◆ EXERCISE REQUIREMENTS:
Starting at the line containing "Possible Covid-19 Coronavirus" and ending at the line containing "Deepika Padukone was", transcribe the listing below exactly. Keep both end lines, skip the pictures, and copy nothing else.

◆ EXERCISE DATA:
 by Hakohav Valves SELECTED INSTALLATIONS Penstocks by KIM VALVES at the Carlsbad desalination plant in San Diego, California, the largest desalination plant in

--

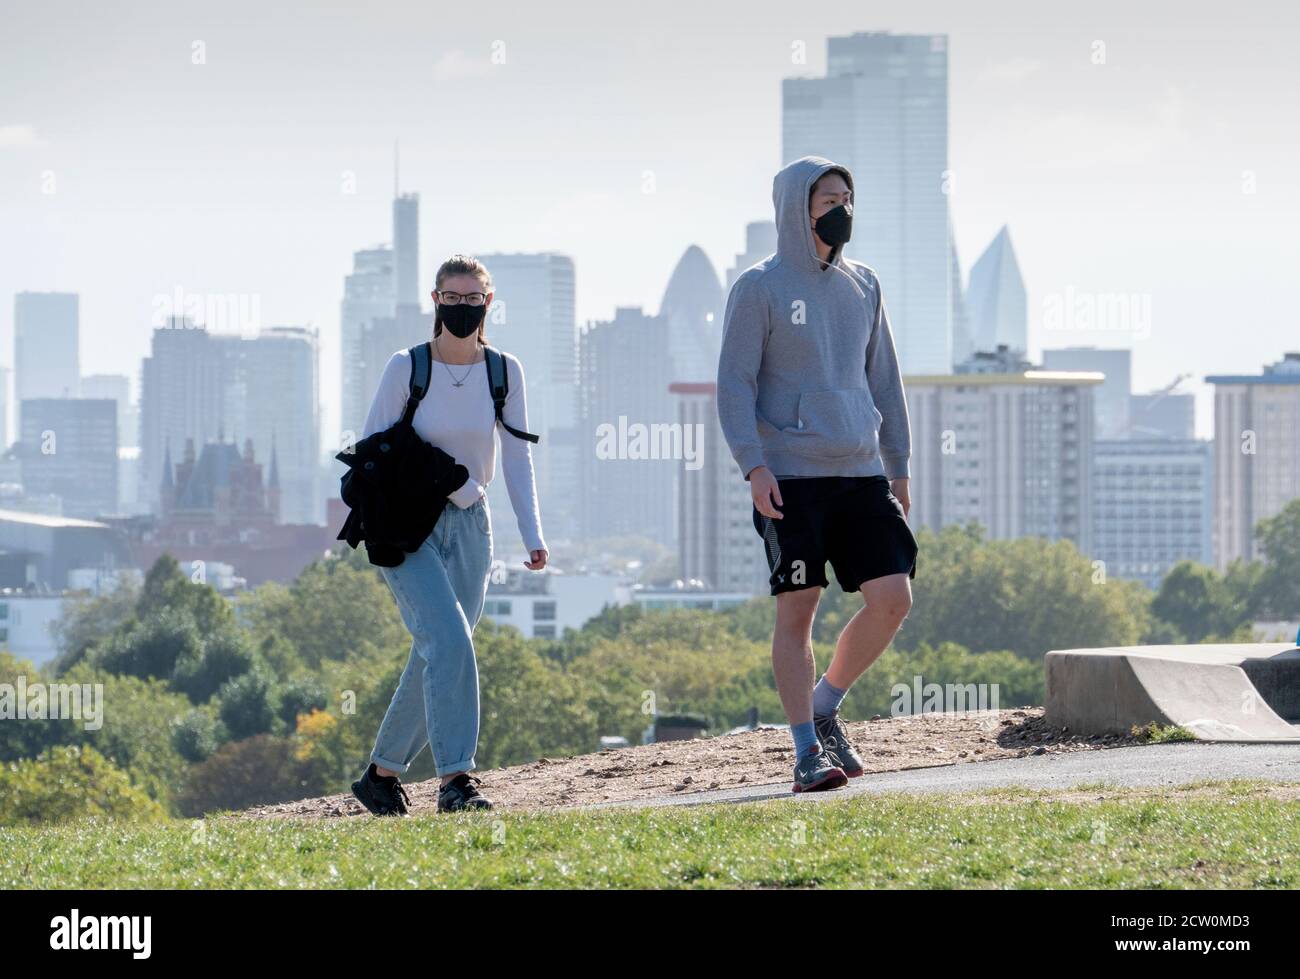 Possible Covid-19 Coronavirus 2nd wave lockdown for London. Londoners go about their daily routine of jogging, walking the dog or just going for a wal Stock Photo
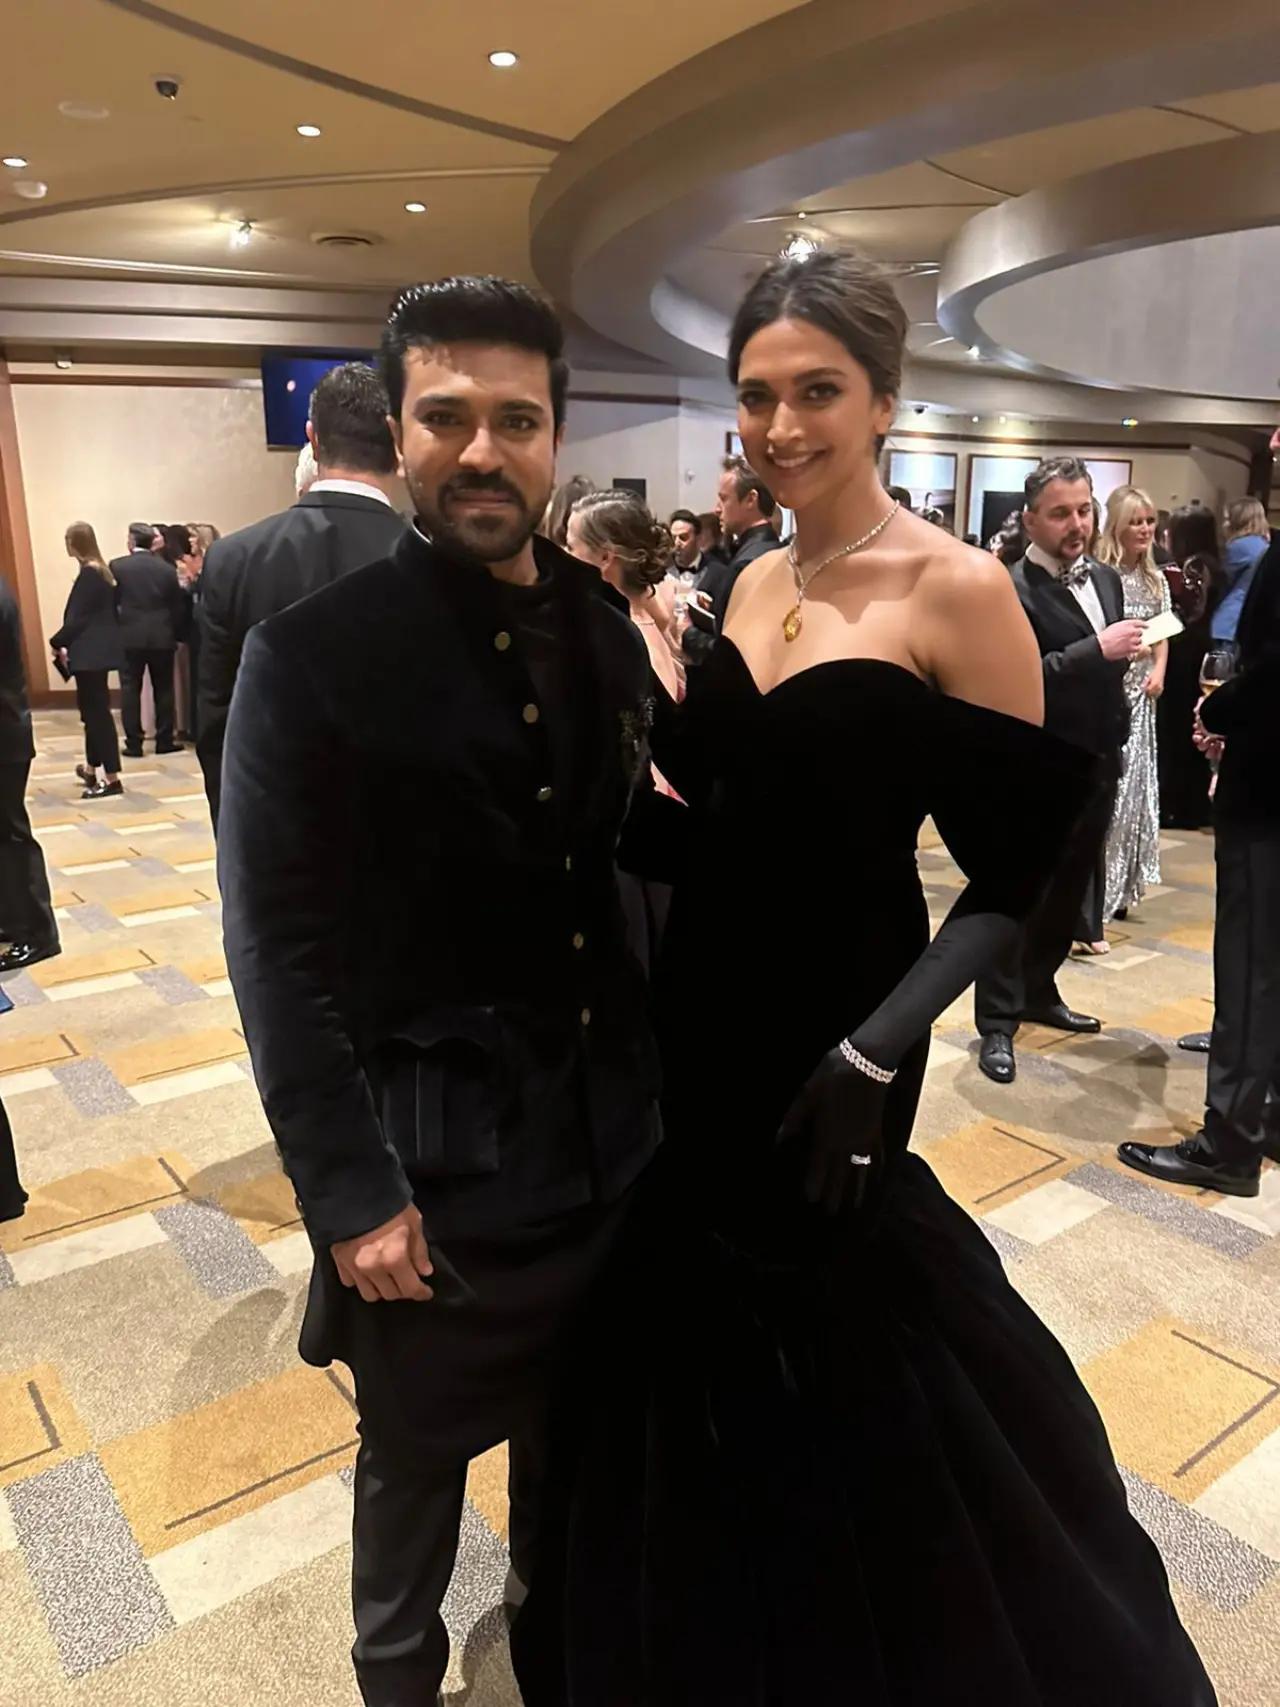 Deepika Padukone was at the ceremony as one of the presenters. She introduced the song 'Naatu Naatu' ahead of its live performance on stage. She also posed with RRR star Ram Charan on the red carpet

◆ EXERCISE RESULT:
 Possible Covid-19 Coronavirus 2nd wave lockdown for London. Londoners go about their daily routine of jogging, walking the dog or just going for a wal Stock Photo
 Deepika Padukone was at the ceremony as one of the presenters. She introduced the song 'Naatu Naatu' ahead of its live performance on stage. She also posed with RRR star Ram Charan on the red carpet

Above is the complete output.